Value Investing and Covid

On May 2nd, The Heilbrunn Center for Graham & Dodd Investing hosted Webinar featuring a panel of seasoned investors discussing the current environment. Speakers featured:

Mario Gabelli (CBS ’67), Chairman & CEO, GAMCO Investors, Inc.,
Ross Glotzbach (Princeton alum), CEO & Head of Research, Southeastern Asset Management
Paul Hilal (CBS '92 / Harvard U), Vice Chairman at Aramark
Thomas Russo (Dartmouth / Stanford), Partner, Gardner Russo & Gardner LLC,
Kim Shannon (Univ of Toronto), President & Co-CIO, Sionna Investment Managers Inc.

Key Takeaways:

  • "Worst-case scenario off the table" but expect continuation of speculative bets.  

    • Mr Russo expects further uncertainty near term as “emotions dominate when there is incomplete information”). Fear Of Missing Out is a factor.

    • Mr Hilal believes that the world has avoided a Covid worst-case scenario based on positive data points on reversal of infection rates and promising medical advances. Post Covid, he expects a "new normal with tweaks" - Companies will adjust their operations rather than a make fundamental changes in their business models.

    • Ms Shannon does not believe that the market has hit the bottom. She expects a continuation of the pre-Covid speculative bets, as investors chase yield in a low rate environment.

  • Liquidity crisis averted; "duration bubble" ahead.  The market’s reaction has been on liquidity.  For investors, losing a few coupons is manageable as long as there is liquidity to sustain companies during this period.  However, the use of leverage/calling on credit facilities lead to a "duration bubble" down the line ("tenor of the debt").  

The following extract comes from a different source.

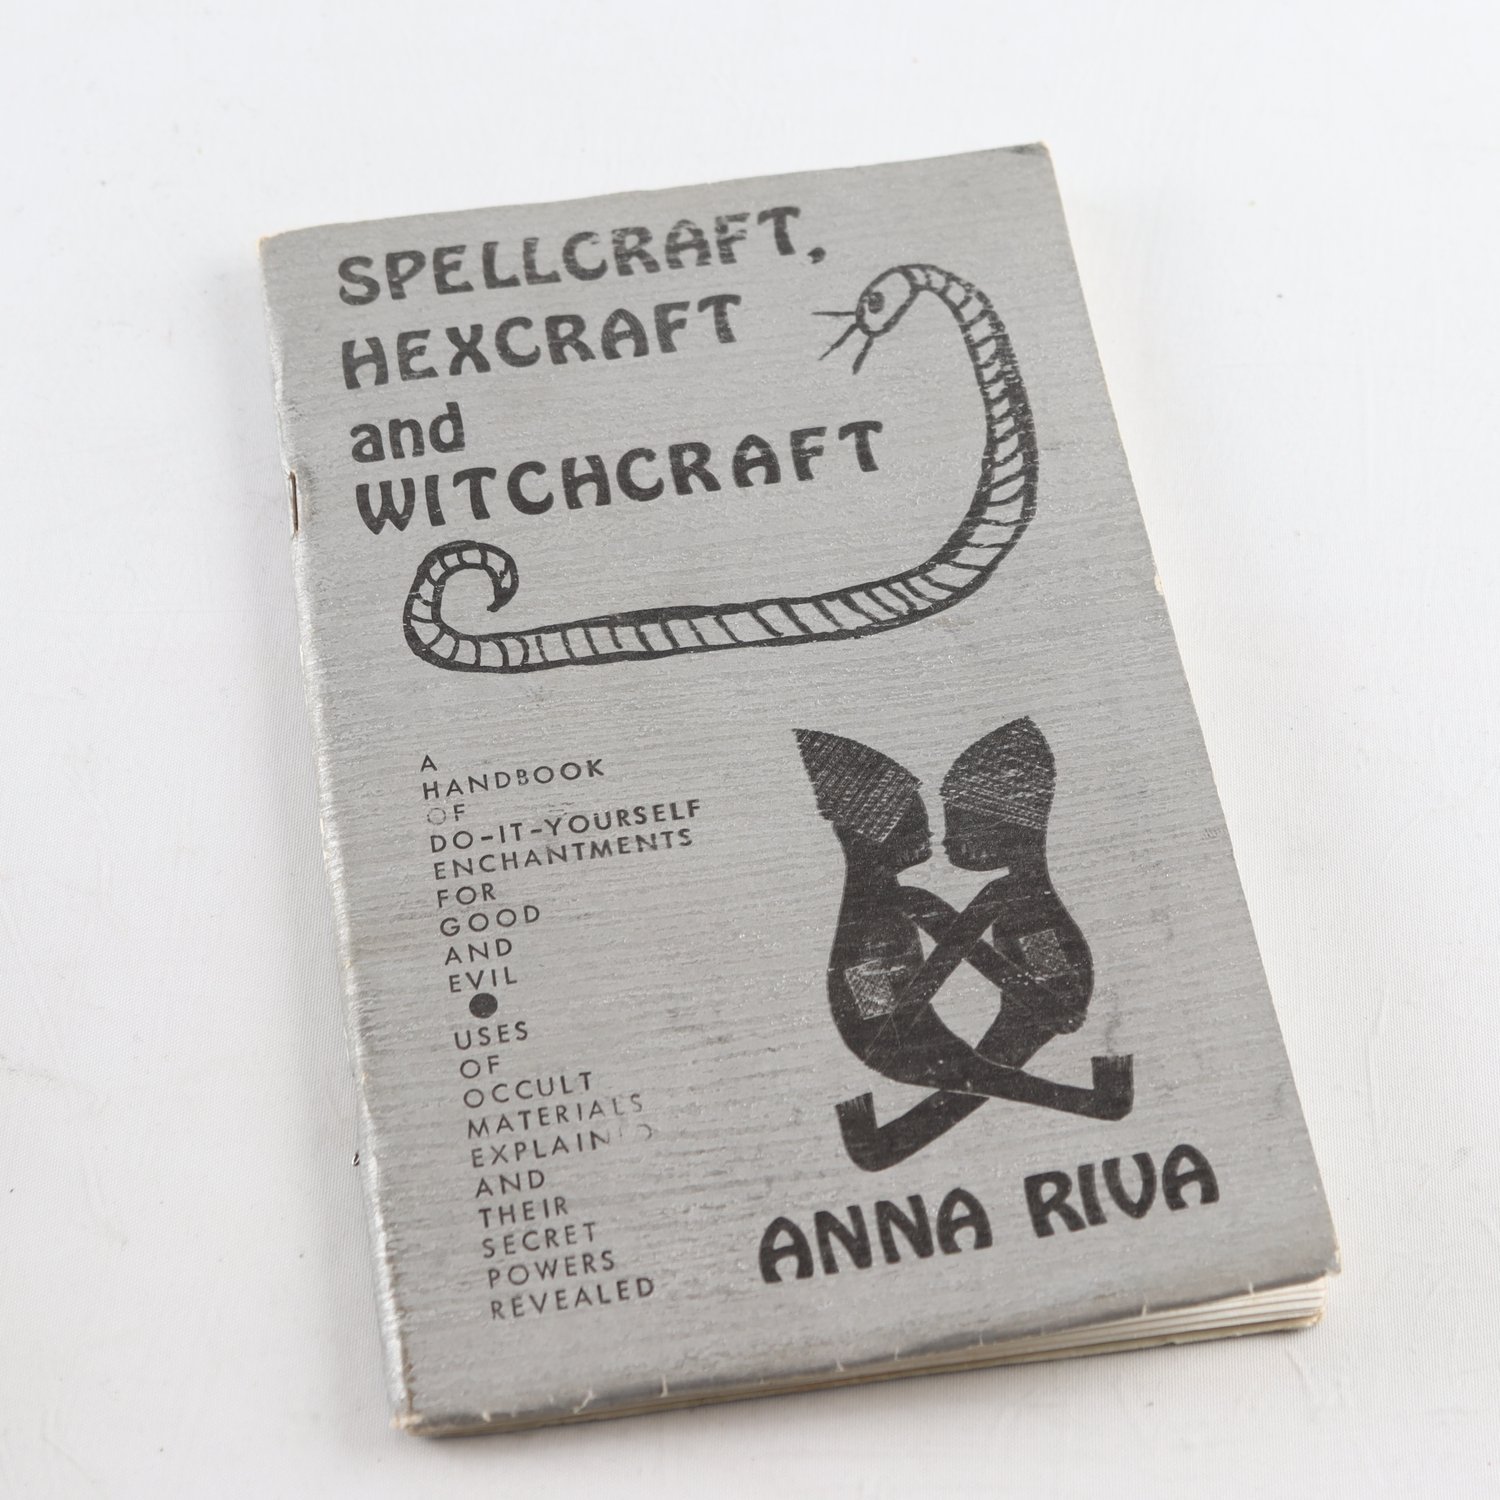 Spellcraft, Hexcraft and Witchcraft, Anna Riva

  • Attractive Sectors:  Distressed and renewables (Gabelli), small caps (Glotzback), energy sector (Shannon), international companies as opposed to U.S. based. 

The Future of Value — Continued under-performance (vs Growth) and eventual comeback
Value investing has experienced a long period of under-performance compared to growth strategies.  This trend is expected to continue due to the persistent low rate environment which has made growth companies look more attractive.  [Note:  In Discounted Cash Flow valuation, a multiplier is applied to a company's terminal cash flow to calculate it's value. Growth companies are valued higher than value companies which tend to be more mature.]

Historically, in the periods following bear markets, value tends to outperform growth. Ms Shannon believes that “we are in the middle of a shift” and people will eventually return to traditional ways of investing.

Other points to note:  

  • The wave of bankruptcies and distressed situations indicates that many corporations may have been managed improperly. Companies that appeared fine a few weeks ago are now facing bankruptcy.

  • Indexation has caused the market to be increasingly driven by a few companies (large caps/big companies can account up to 20% of the index).

  • The independence of Fed may be at risk as it plays a crucial role in sustaining markets and valuations.